Enable distributed parallelism

[jalvesz]

Motivation

As of today, working on distributed parallelism in Fortran mostly implies using MPI or coarray. But as of now, one has to decide early on which one to relay on. I would like to propose for stdlib to wrap certain basic reduction operators which can rely on either of them through C-preprocessing such that other procedures from stdlib could profit from such a wrapper.

I'll try to give a picture with a very simple example, let's say computing the norm2 of a 1D array. This operations requires a parallel sum reduction before computing the square root:

<kind> :: x(:) !> in spmd, each process/image has a partial portion of the array
<kind> :: local_sum , global_sum
...
local_sum = dot_product( x, x ) !> this sum is incomplete with respect to the distributed data
#if defined(STDLIB_WITH_MPI)
call MPI_Allreduce(local_sum, global_sum, 1, MPI_<kind>, MPI_SUM, MPI_COMM_WORLD, ierr)
#elif defined(STDLIB_WITH_COARRAY)
global_sum = local_sum 
call co_sum( global_sum  )
#endif
...
norm2 =sqrt( global_sum )

If stdlib proposed wrappers for these reduction operators it could be possible to make some of the functionalities work also transparently on distributed frameworks. The idea could consist on having a module stdlib_distributed or stdlib_coarray (to promote coarray-like syntax ? ) and then:

module stdlib_<name_to_chose>

interface stdlib_co_sum
    module procedure ::  stdlib_co_sum_<kind>
    ...
end interface

contains

subroutine stdlib_co_sum_<kind>( A, result_image, stat, errmsg)
    <kind>, intent(inout) :: A(..)
    integer, intent(in), optional :: result_image
    integer, intent(out), optional :: stat
    character(*), intent(inout), optional :: errmsg
    ...
    select rank(A)
    rank(0)
#if defined(STDLIB_WITH_MPI)
        call MPI_Allreduce(A, global_sum, size( A ), MPI_<kind>, MPI_SUM, MPI_COMM_WORLD, ierr)
        A = global_sum
#elif defined(STDLIB_WITH_COARRAY)
        call co_sum(A, result_image, stat, errmsg)
#endif
    rank(1)
#if defined(STDLIB_WITH_MPI)
        call MPI_Allreduce(A, global_sum, size( A ), MPI_<kind>, MPI_SUM, MPI_COMM_WORLD, ierr)
        A = global_sum
#elif defined(STDLIB_WITH_COARRAY)
        call co_sum(A, result_image, stat, errmsg)
#endif
    rank(2)
#if defined(STDLIB_WITH_MPI)
        call MPI_Allreduce(A, global_sum, size( A ), MPI_<kind>, MPI_SUM, MPI_COMM_WORLD, ierr)
        A = global_sum
#elif defined(STDLIB_WITH_COARRAY)
        call co_sum(A, result_image, stat, errmsg)
#endif
...
    end select
end subroutine

end module

Like this, if one doesn't link against any of them, the kernels do nothing and return the same value. If linked, then one can rely on stdlib as an intermediate wrapper.

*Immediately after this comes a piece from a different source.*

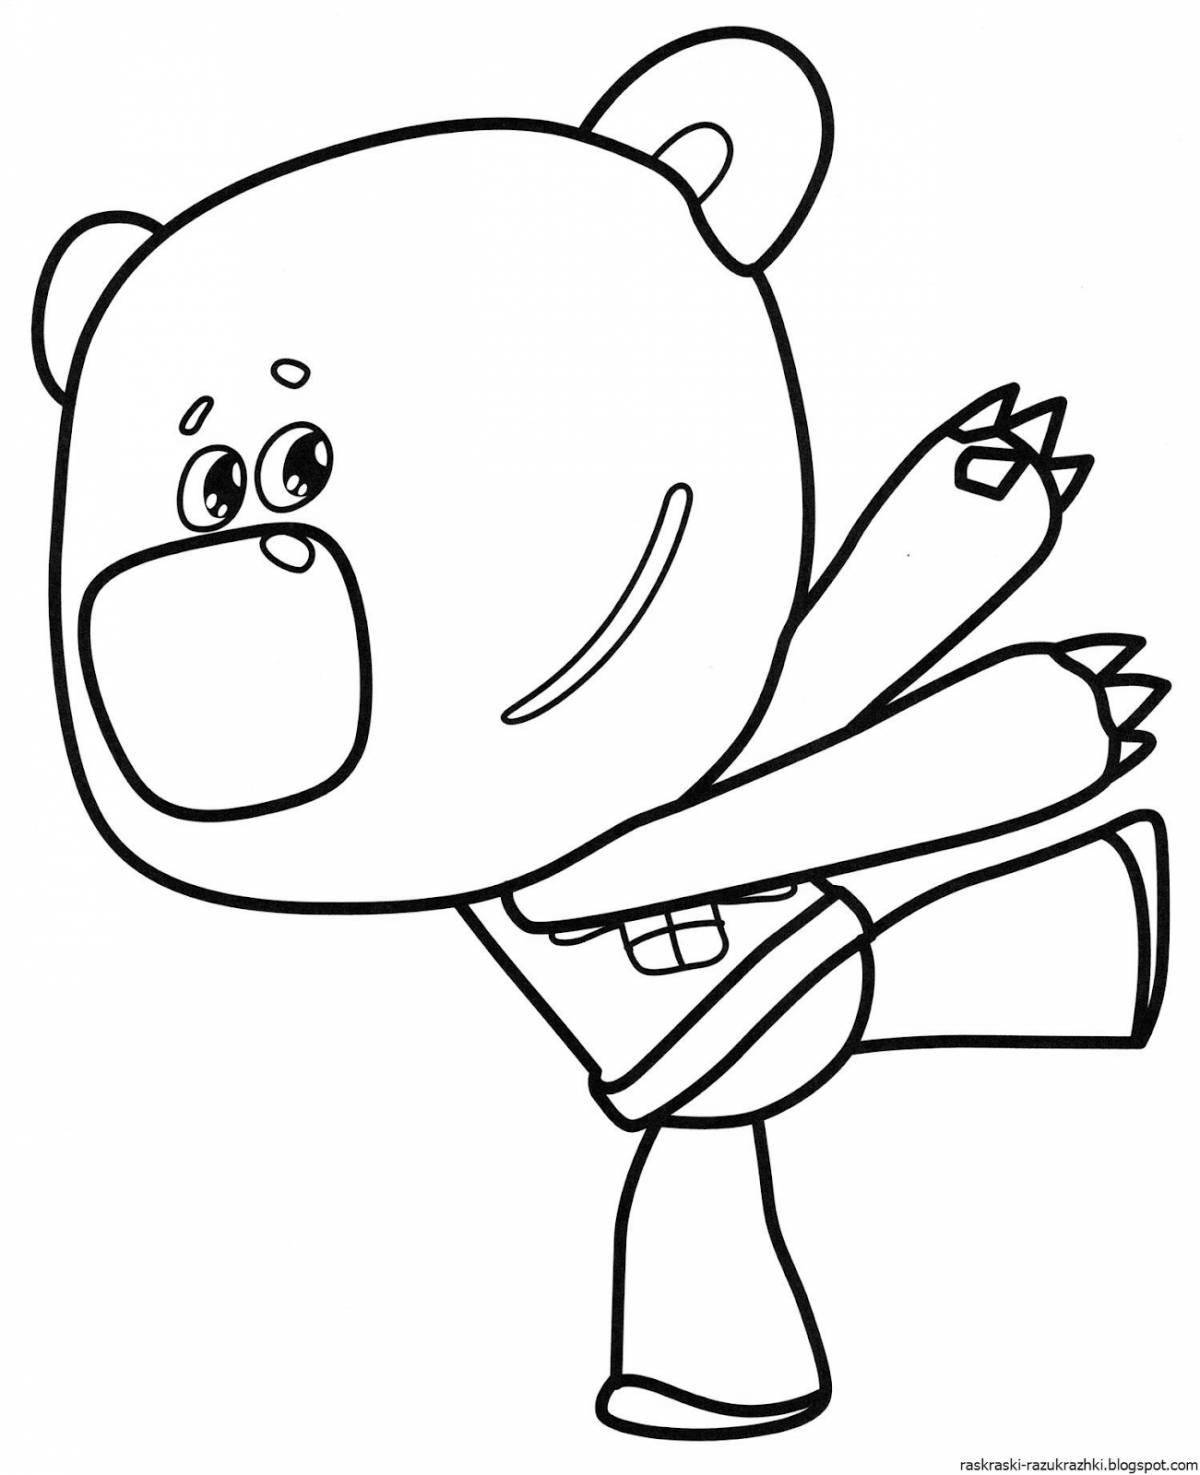 Curious bear coloring page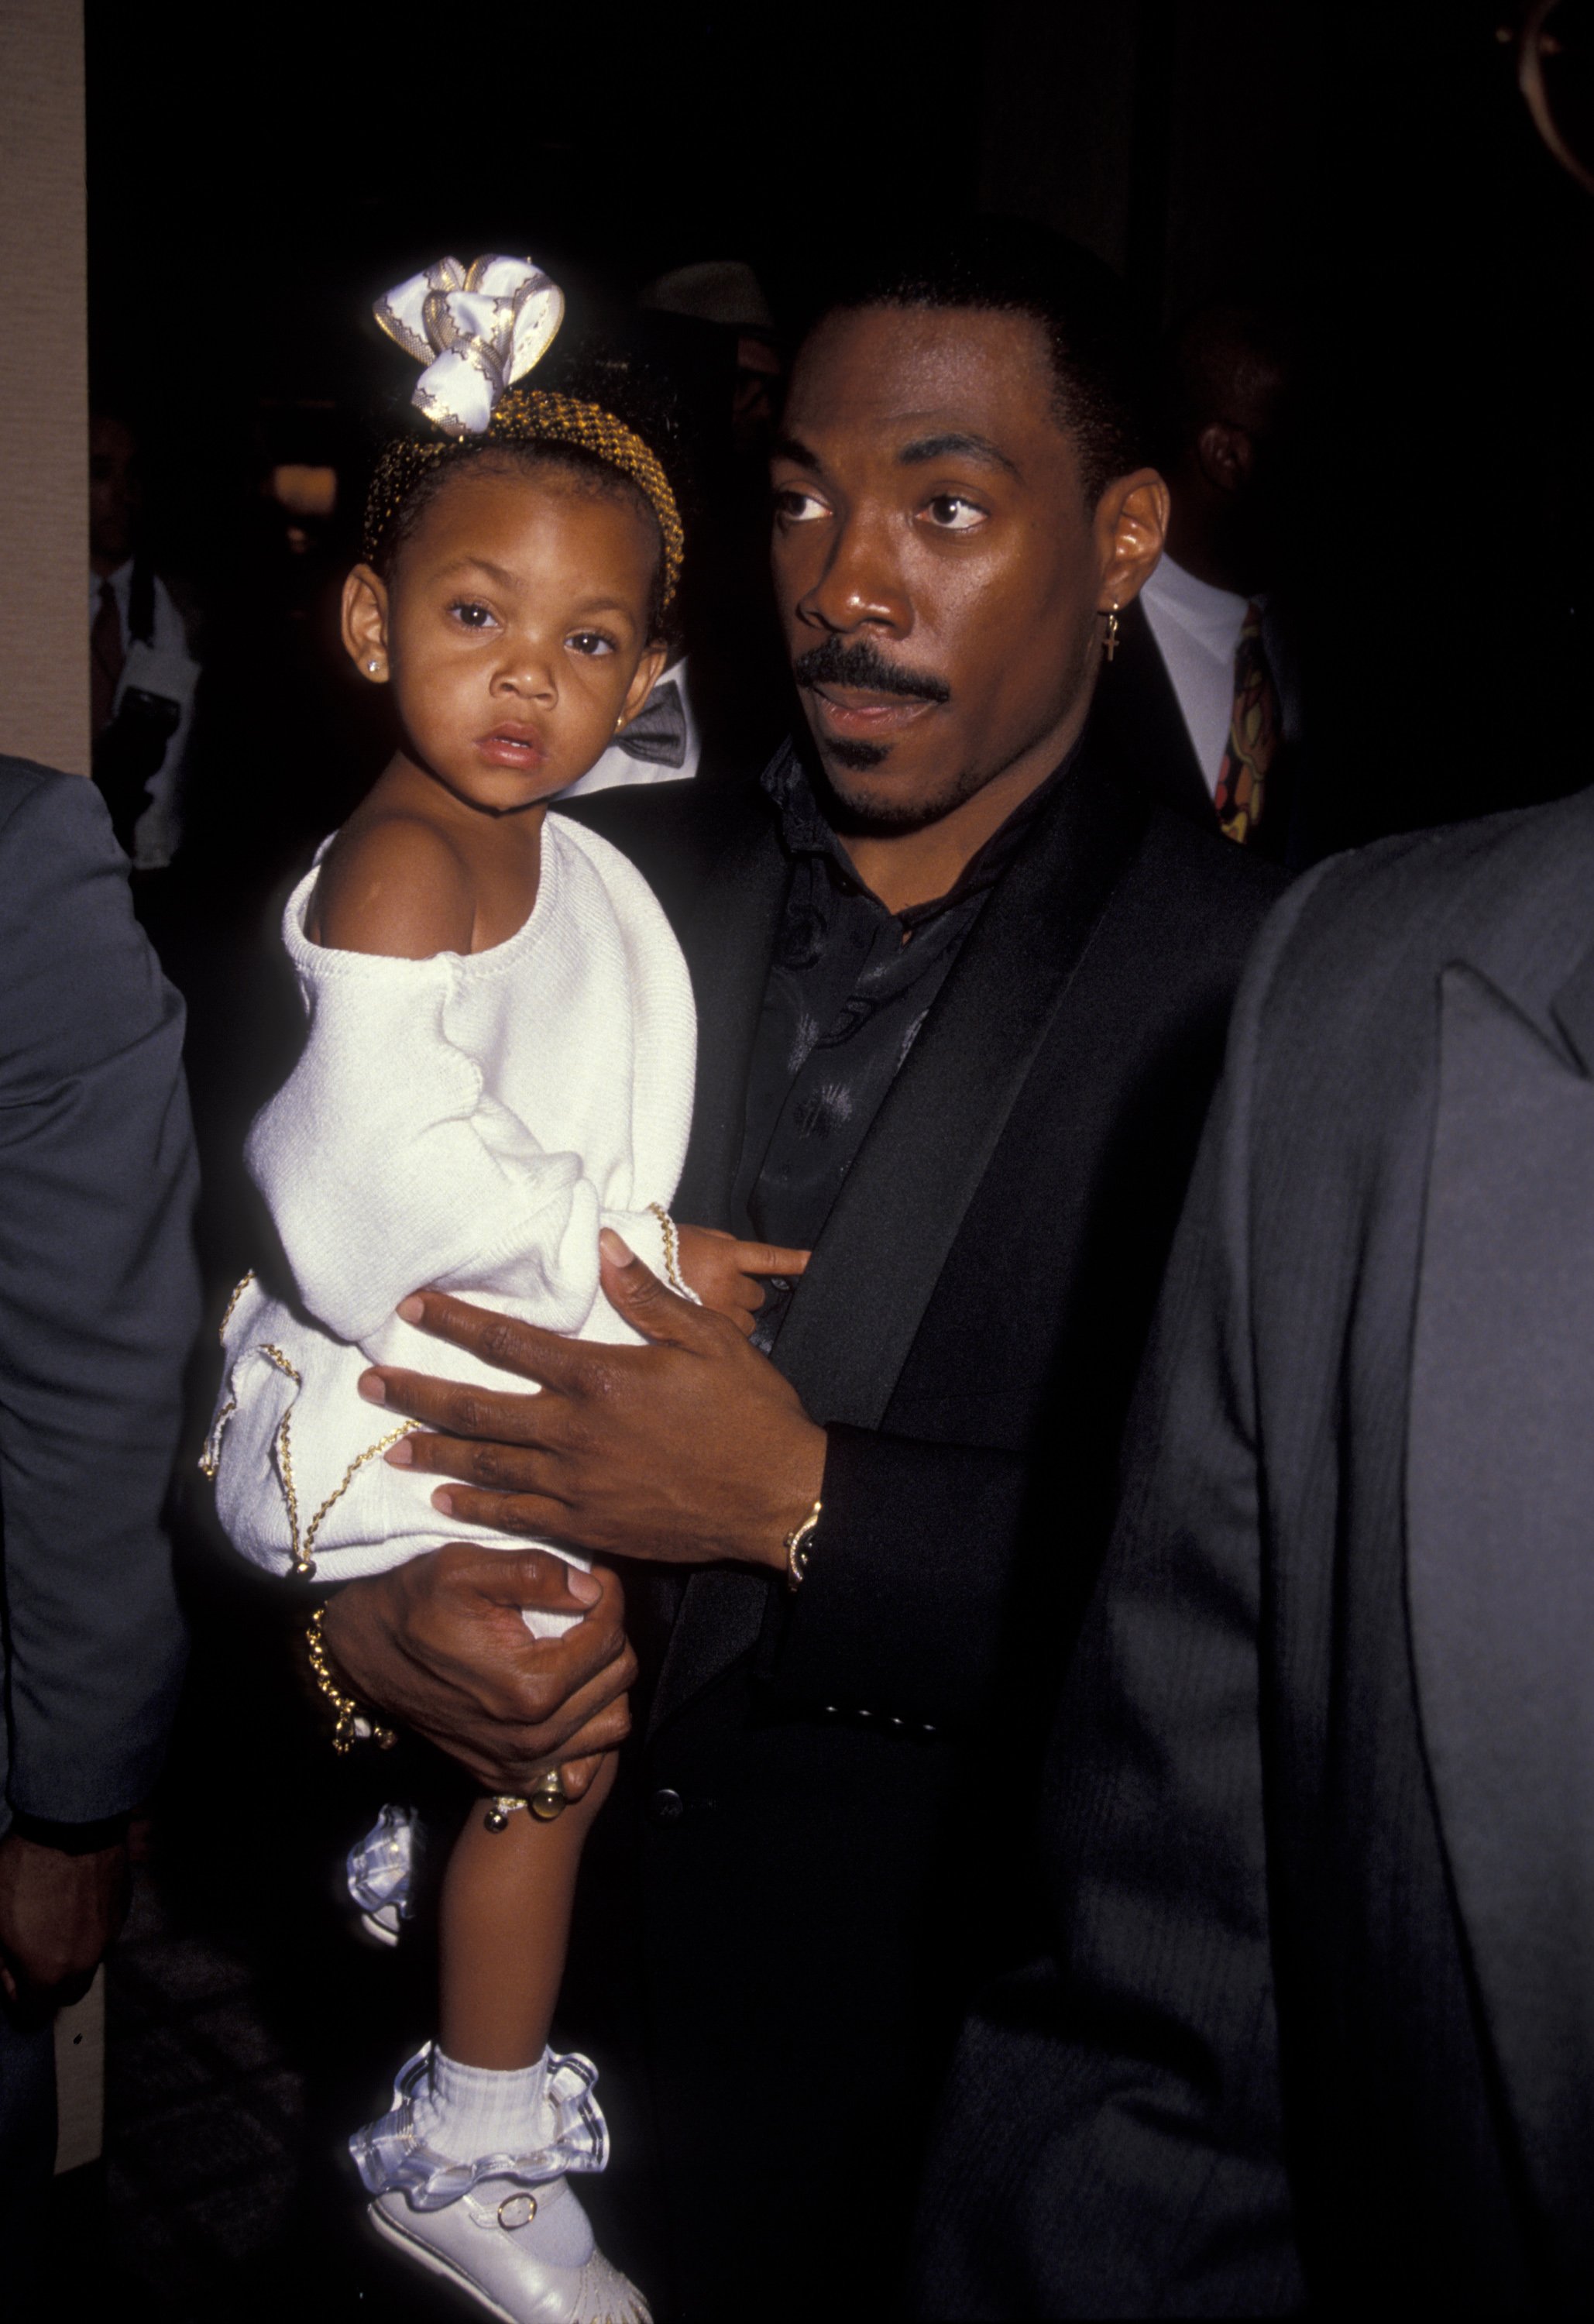 Eddie Murphy and his daughter Bria Murphy during his NAACP Salute in Los Angeles, California, on July 19, 1991. | Source: Getty Images

I haven't fully thought this through but I would like to open it for discussion.

Prior Art

No response

Additional Information

No response

[loiseaujc]

I like the idea of having implementations agnostic to the distributed computation strategy considered. I only have experience with MPI though, so I can't really tell for other. In case of MPI, how would you do however to handle the MPI_COMM_WORLD? A stdlib_set_comm_world function that writes to a module-level variable so that it is available to the actual MPI commands inside this module ?

[jalvesz]

I also have mainly experience with MPI but I like the promise of coarray syntax, so looking forward to the day I might be able to use it :)

how would you do however to handle the MPI_COMM_WORLD? A stdlib_set_comm_world function that writes to a module-level variable so that it is available to the actual MPI commands inside this module ?

This could be one good solution.